I had the opportunity to attend the 2018 International Dyslexia Association’s Reading, Literacy and Learning Conference at Mashantucket, Connecticut from 24th to 27th October at Foxwoods Resort and Casino. While the conference saw delegates from many parts of the world, most of them were from various parts of the United States. Despite the different nationalities, the attendees were largely made up of researchers, clinicians, parents, teachers, psychologists, educational therapists, and people with dyslexia.
The conference had numerous session types: a) standard presentations for 60 minutes – These were detailed information presented by either one or presenters on the same topic; b) extended presentations for 120 minutes – detailed and complex information or numerous applications presented by one or two presenters; c) panel discussions for 120 minutes – interactive forum discussions with three to four expert panellists and a moderator; d) poster presentations for 120 minutes – free-standing poster display boards where speakers present their information with an opportunity for maximum interaction with the audience; and d) exhibition of various resources, services and products.
One of the sessions I attended was the Assistive Technology in Education: A New Day for Students with Dyslexia by Martin and Topple.
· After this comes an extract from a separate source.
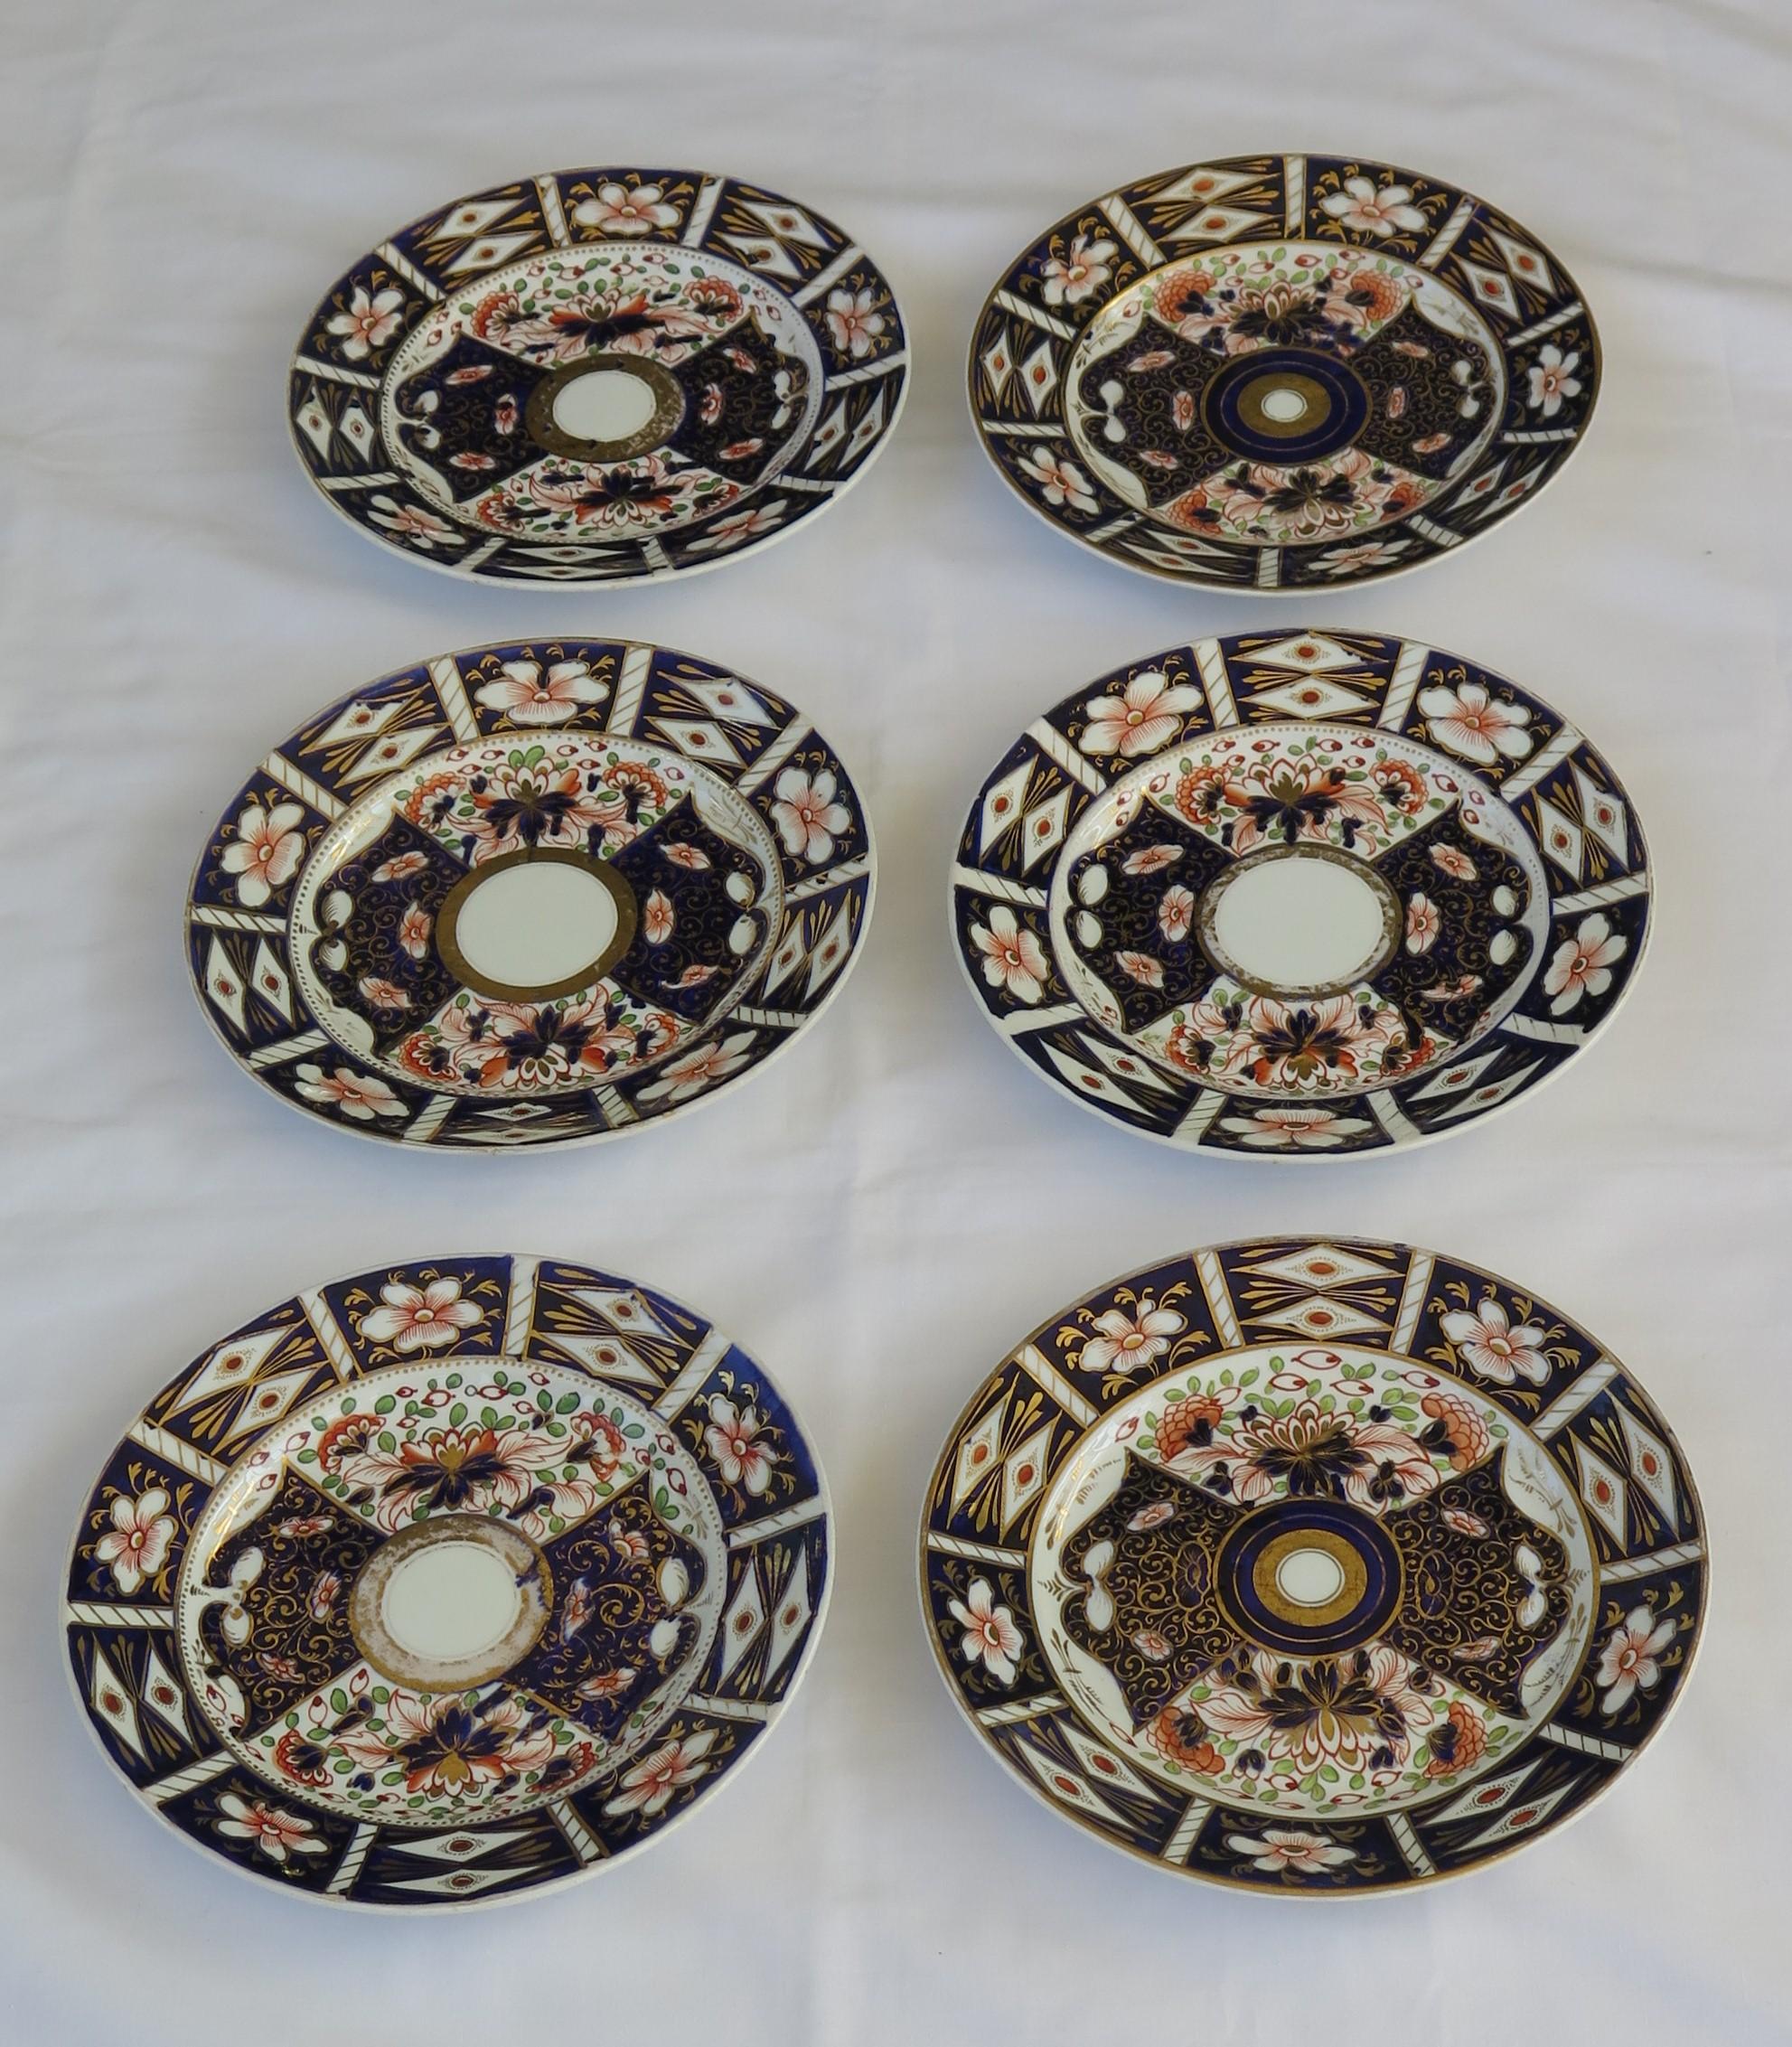 Chinoiserie SIX Davenport Porcelain Plates Hand Painted and Gilded Pattern, Circa 1870 For Sale

In this session, several applications were demonstrated for learners with various levels of needs of support of technology. While I was already quite aware of most of the tools shown in this session, I gained multiple perspectives on and uses of these tools. The session also prompted me to look into how some of these tools could benefit the dyslexic learners at DAS’ Main Literacy Programme and if the Main Literacy Programme EdTech Team should subscribe to some of them.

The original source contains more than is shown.